Assignment:
Look below for the line that contains "1911/2, HERFORDER VEREIN" and the line that contains "La Petite Sirène", then restate both of them and every line in between, exactly. No picture goes in the copy.

*** Data provided ***

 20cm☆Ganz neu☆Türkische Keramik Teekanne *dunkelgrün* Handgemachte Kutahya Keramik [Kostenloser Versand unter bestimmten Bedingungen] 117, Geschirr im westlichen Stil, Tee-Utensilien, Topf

*** End of Data provided ***
*** Data provided ***

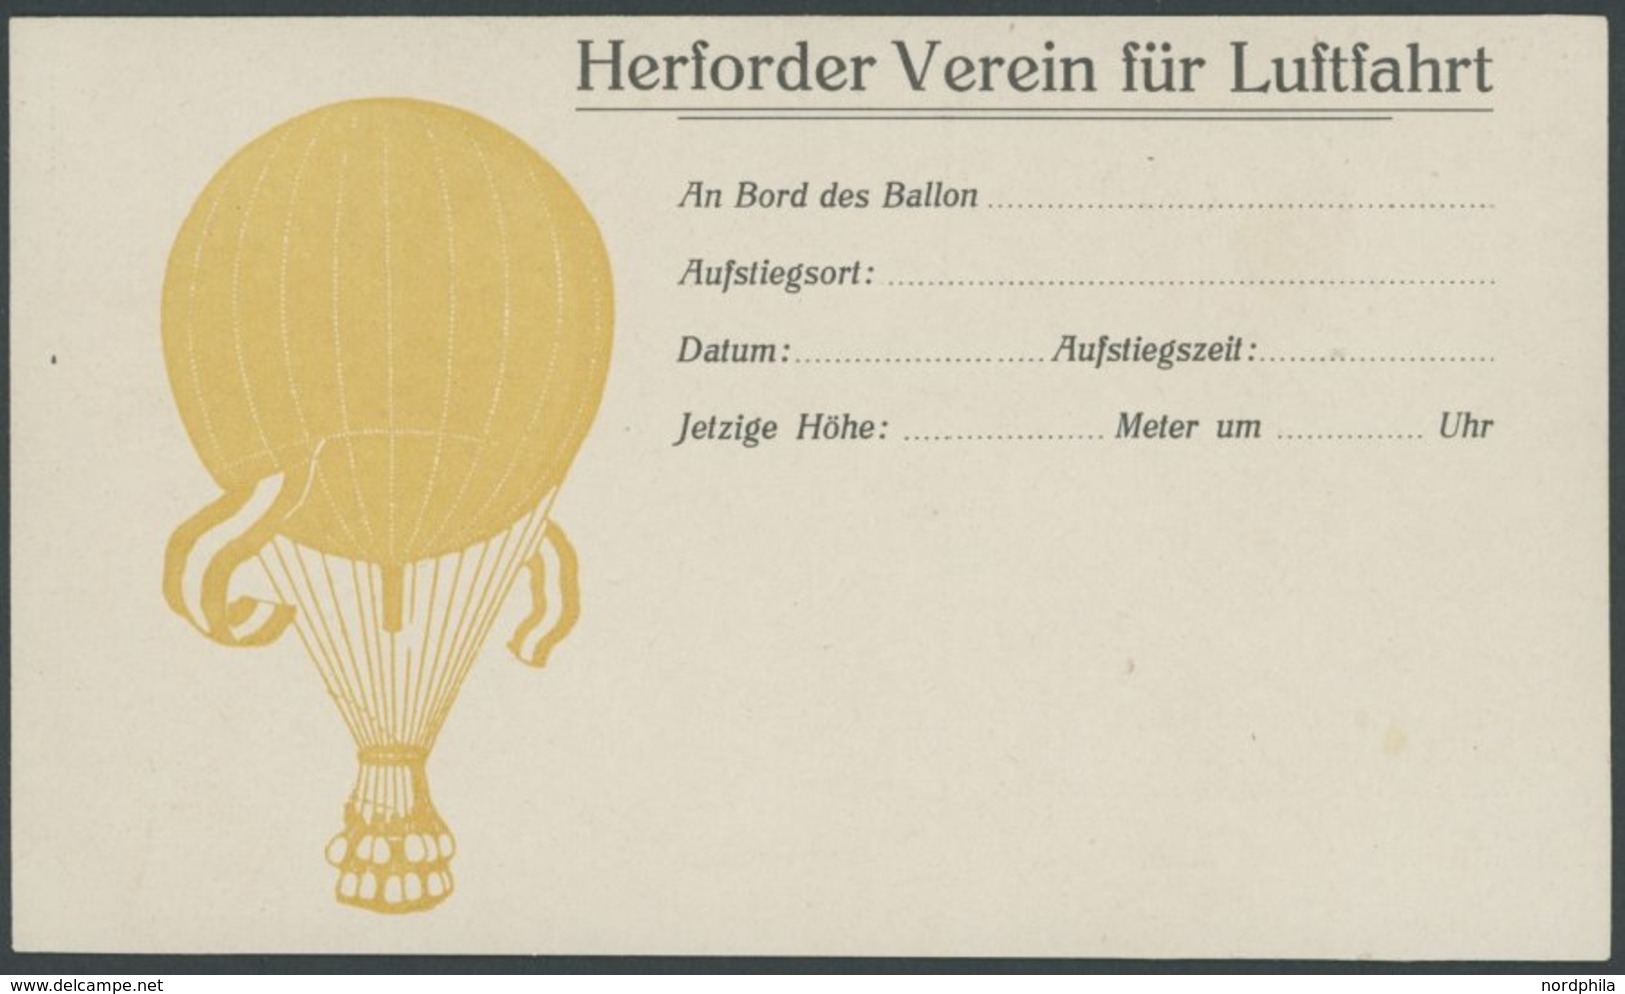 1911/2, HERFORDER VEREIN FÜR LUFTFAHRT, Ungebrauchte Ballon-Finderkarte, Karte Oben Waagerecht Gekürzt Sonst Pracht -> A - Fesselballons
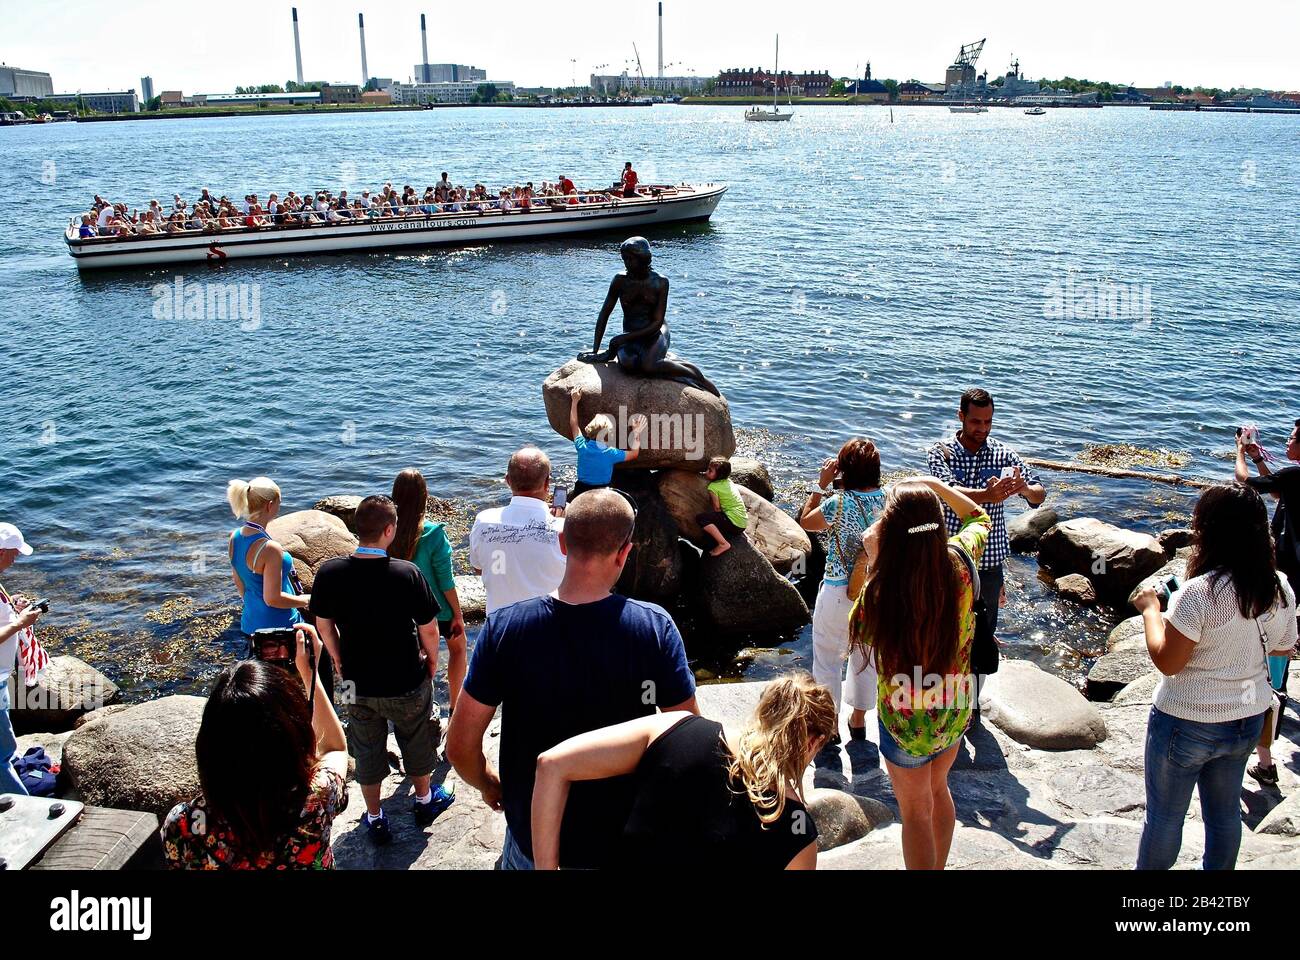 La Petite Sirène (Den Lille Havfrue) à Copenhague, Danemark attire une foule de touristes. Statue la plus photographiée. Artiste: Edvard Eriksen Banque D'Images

*** End of Data provided ***
*** Data provided ***

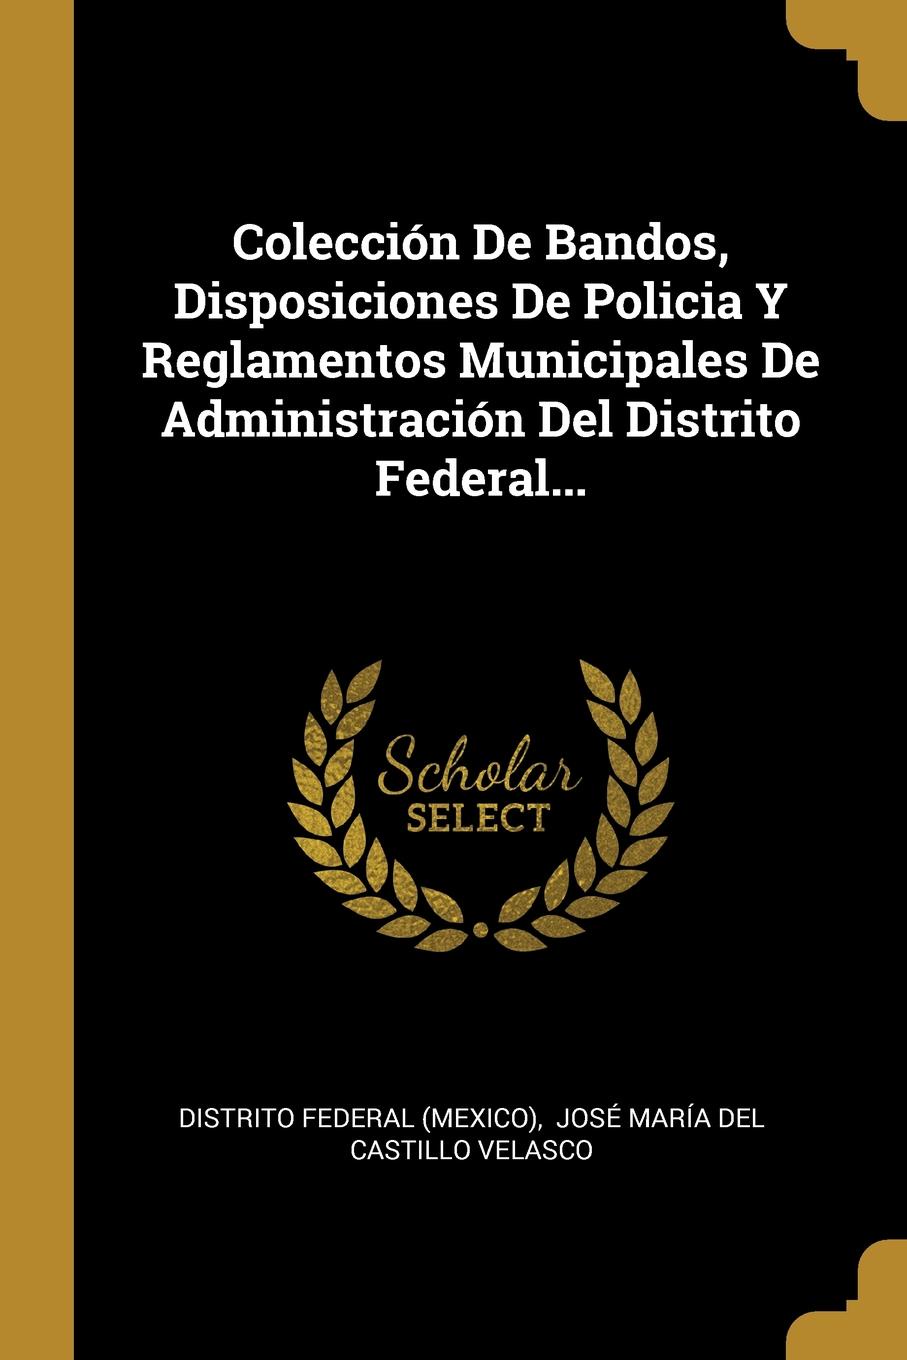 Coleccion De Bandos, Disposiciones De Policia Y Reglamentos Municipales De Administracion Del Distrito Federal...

*** End of Data provided ***

The answer:
 1911/2, HERFORDER VEREIN FÜR LUFTFAHRT, Ungebrauchte Ballon-Finderkarte, Karte Oben Waagerecht Gekürzt Sonst Pracht -> A - Fesselballons
 La Petite Sirène (Den Lille Havfrue) à Copenhague, Danemark attire une foule de touristes. Statue la plus photographiée. Artiste: Edvard Eriksen Banque D'Images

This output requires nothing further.